Work instruction = A faithful copy is required: transcribe each line below exactly, minus the pictures.
[[ Data excerpt, beginning ]]
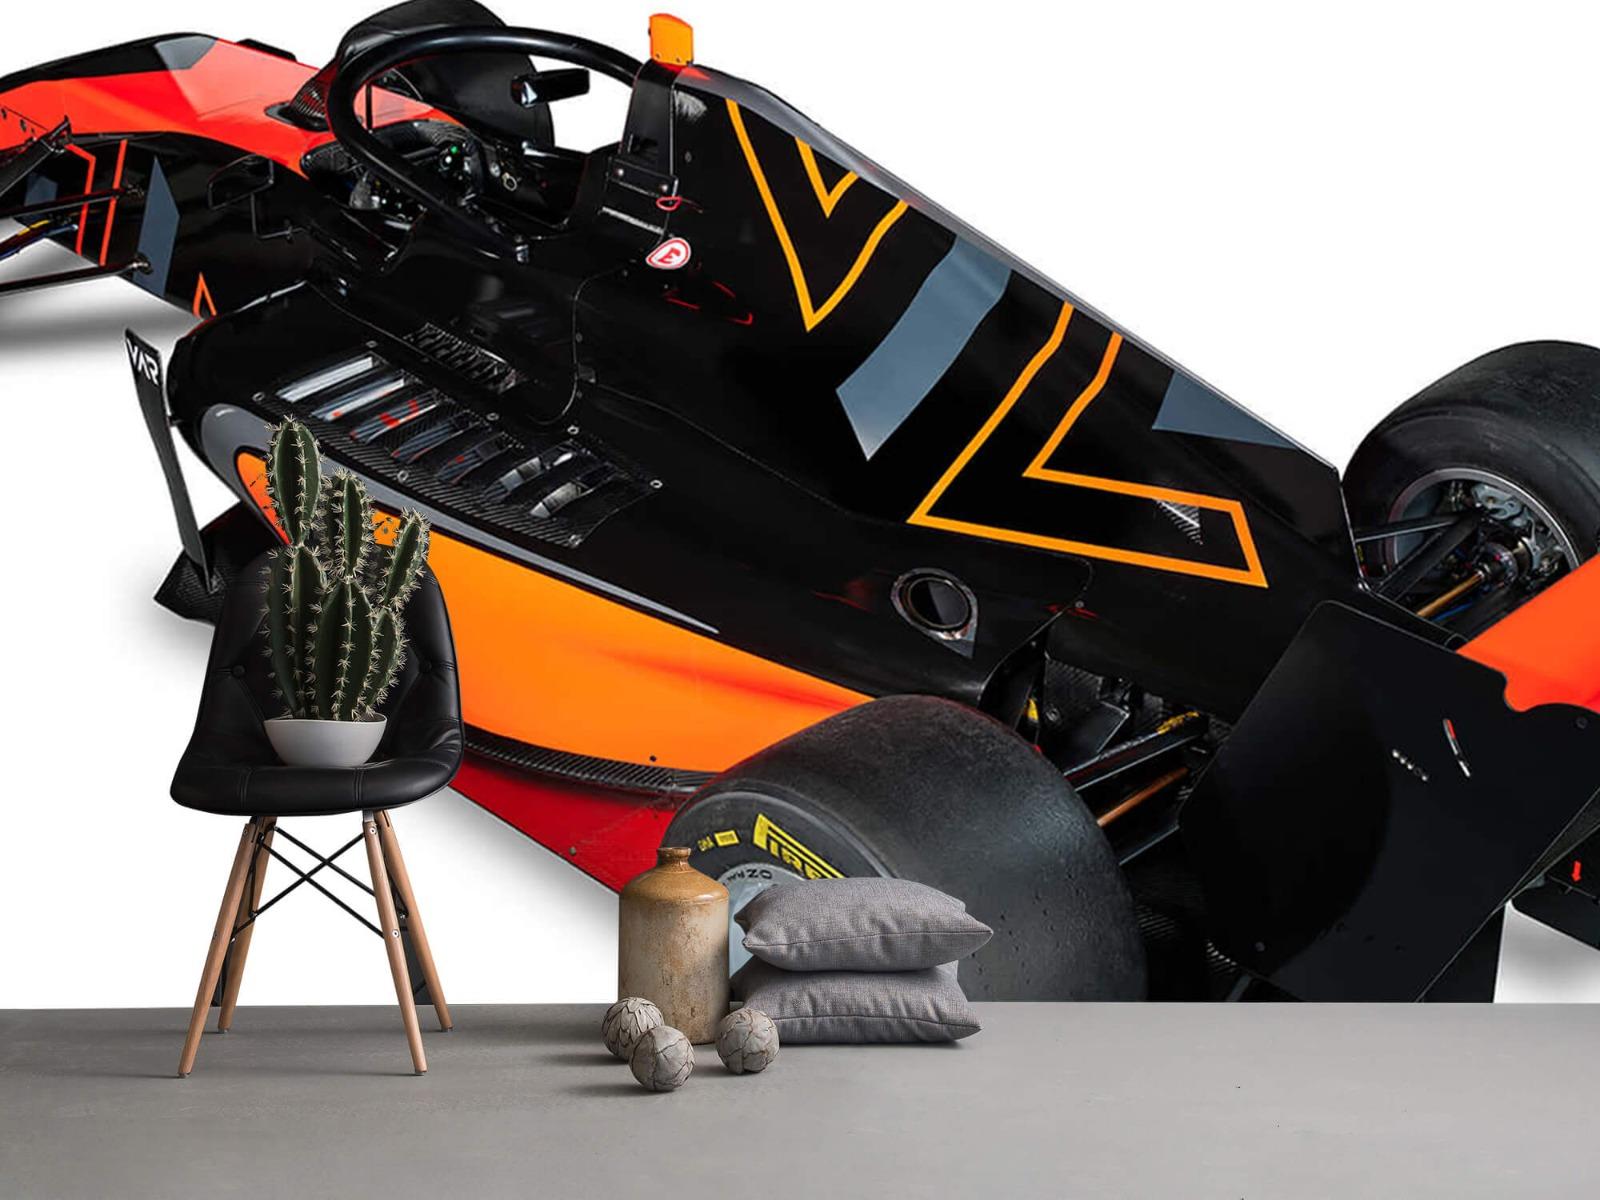 Sportauto's - Formula 3 - Rear left view - Hobbykamer 13
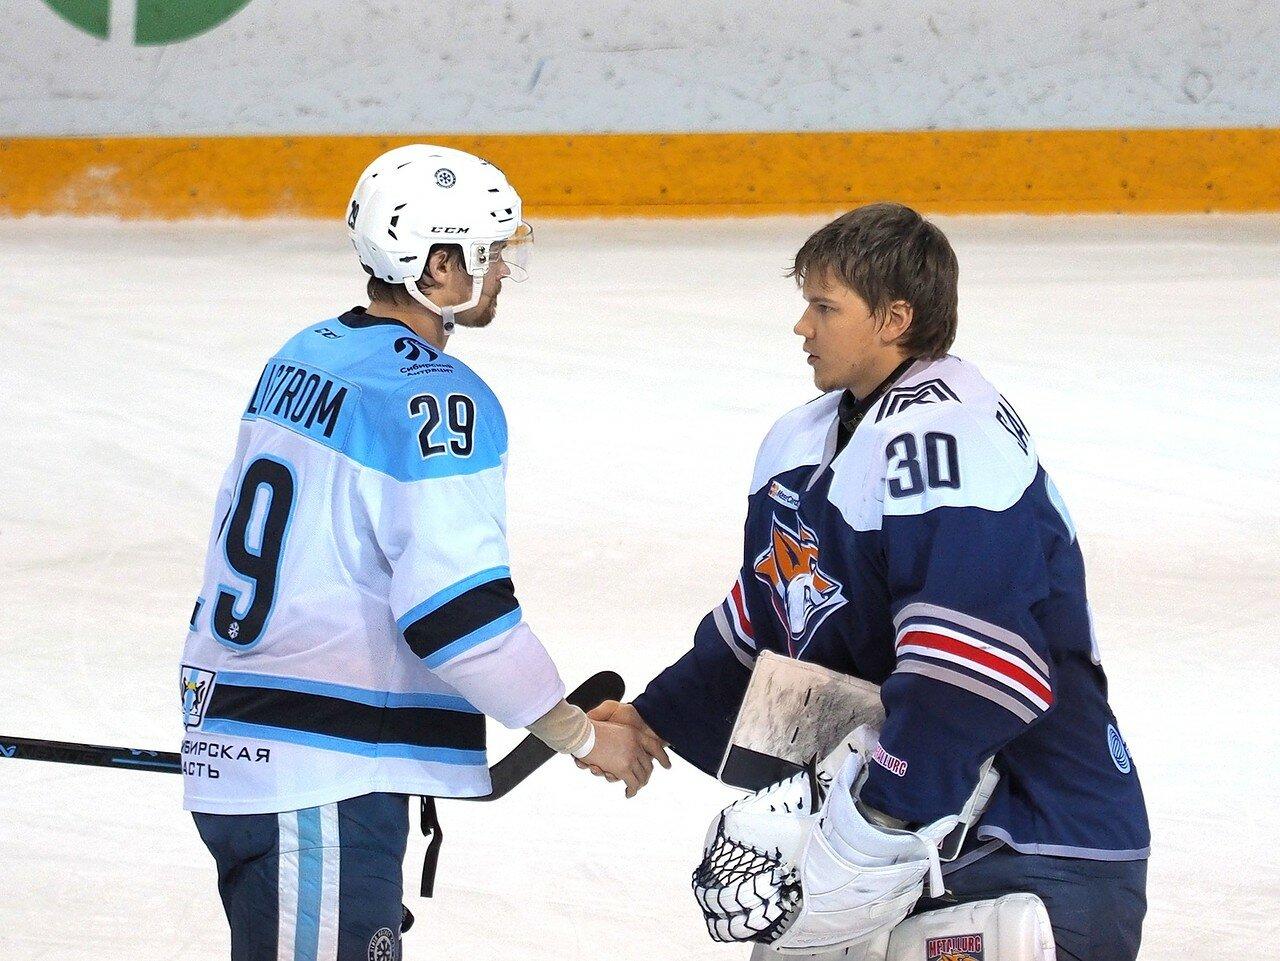 81Плей-офф 2016 Восток 1/2 Металлург - Сибирь 16.03.2016
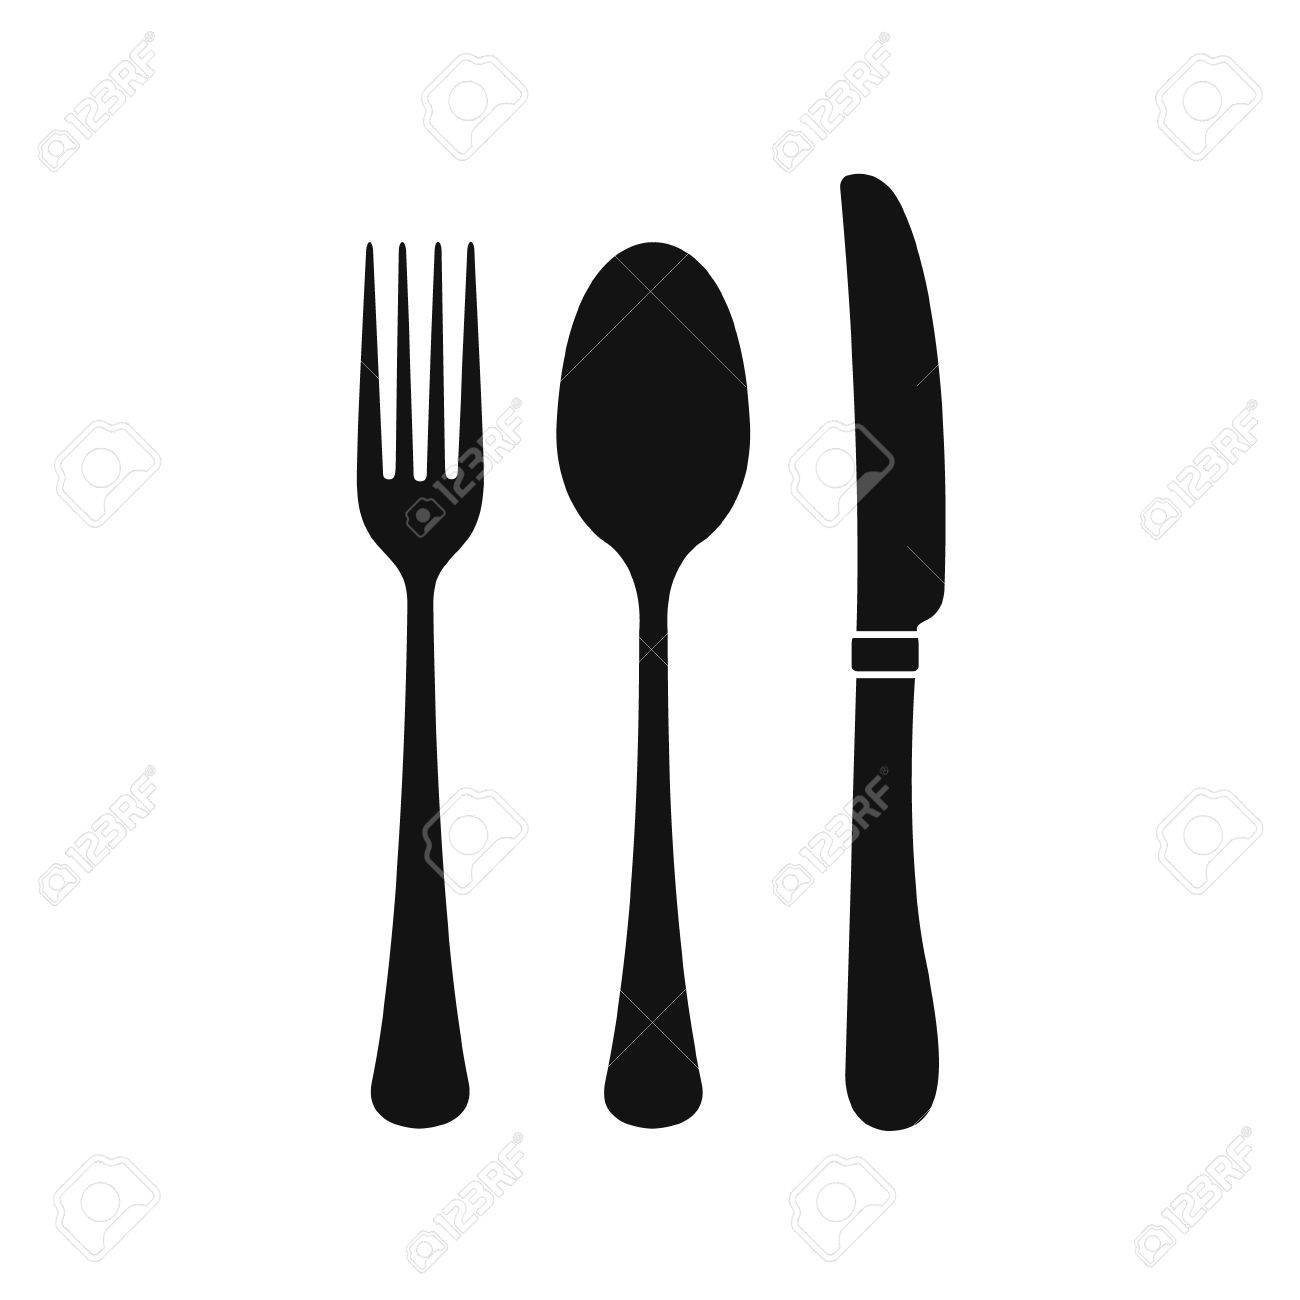 Spoon Fork Knife Silhouette.
[[ Data excerpt, end ]]
Written answer =
 Sportauto's - Formula 3 - Rear left view - Hobbykamer 13
 81Плей-офф 2016 Восток 1/2 Металлург - Сибирь 16.03.2016
 Spoon Fork Knife Silhouette.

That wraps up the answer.